Sunday, June 3, 2018 [Tweets] [Favorites]

OmniFocus 3 for iOS

Brent Simmons:

OmniFocus for iOS is now celebrating ten years on the App Store — it’s been there since day one, and we’ve been so proud to see it earn its status as the trusted to-do list app.

This major update is the result of two years of design and engineering work — much of it under the hood — to bring new features, better workflows and user experience, and even more reliability and safety.

At the same time, the app should still feel familiar to everyone who used OmniFocus 2.

Indeed, it feels like a nice refinement. I like the new undo button. The release notes are far from exhausitve.

Ken Case:

Implementing free trials, upgrade discounts, and free upgrades for recent purchases for all our iOS apps was a whole lot of work—but on days like today (OmniFocus 3 release day) it’s nice to see that effort pay dividends in customer satisfaction.

Omni Group:

OmniFocus 3 for iOS is a free download in the App Store, with the Standard and Pro feature sets available via In-App Purchase. We also offer a 14-day free trial, after which OmniFocus will function as a free viewer.

The purchase options available to you are based upon your purchase history. If you owned a previous version of OmniFocus for iPad or iPhone, you can purchase Pro or Standard in v3 at a discount.
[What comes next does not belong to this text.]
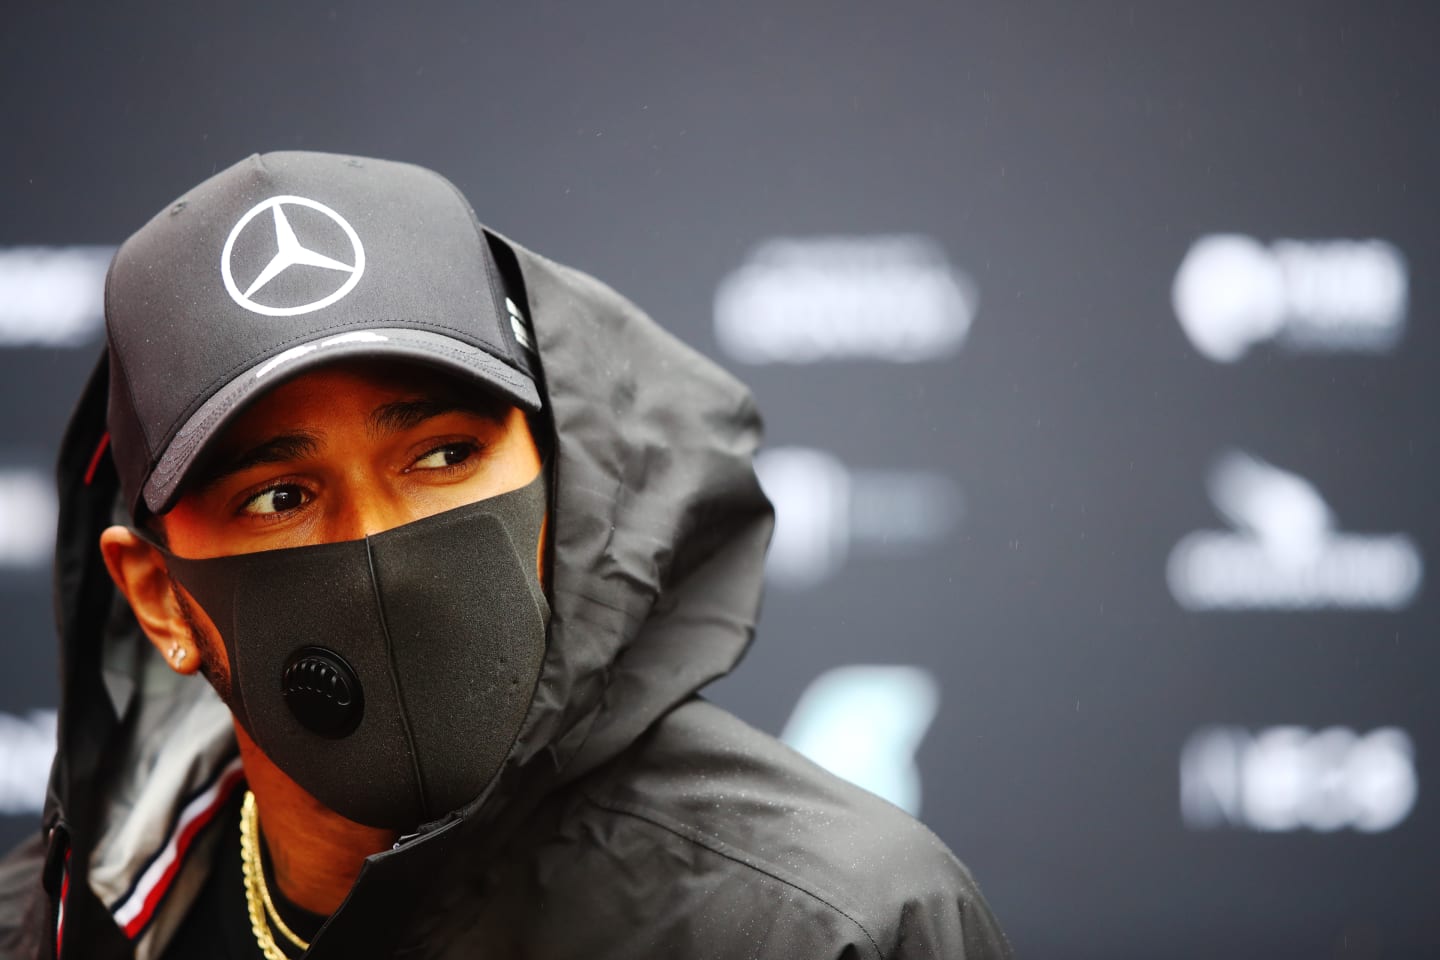 NUERBURG, GERMANY - OCTOBER 08: Lewis Hamilton of Great Britain and Mercedes GP looks on in the Paddock during previews ahead of the F1 Eifel Grand Prix at Nuerburgring on October 08, 2020 in Nuerburg, Germany. (Photo by Mark Thompson/Getty Images)

If you start with Standard and decide you want Pro later, you can upgrade for the difference in cost.

Eric Bowers:

OmniFocus 1 and OmniFocus 2 were both very much geared toward the GTD method and contained some built-in Context lists like “Errands” as a default, and included a Project perspective to ensure that you captured items that were more complex to complete. It was and still is the gold standard for GTD in the Mac and iOS user-space.

However, some folks didn’t want to practice a “purely GTD” system, and that’s where the advent of OmniFocus 3 begins to add a lot of possibility to a once workflow-specific system.

[…]

A reason that each task now has a cleaned-up interface in OmniFocus 3 is due to what is called “Progressive Disclosure.” Progressive Disclosure is best exemplified by the “Repeat” setting.

Ryan Christoffel:

Notifications are now much more powerful in OmniFocus 3, because each task can now be assigned as many notifications as you’d like.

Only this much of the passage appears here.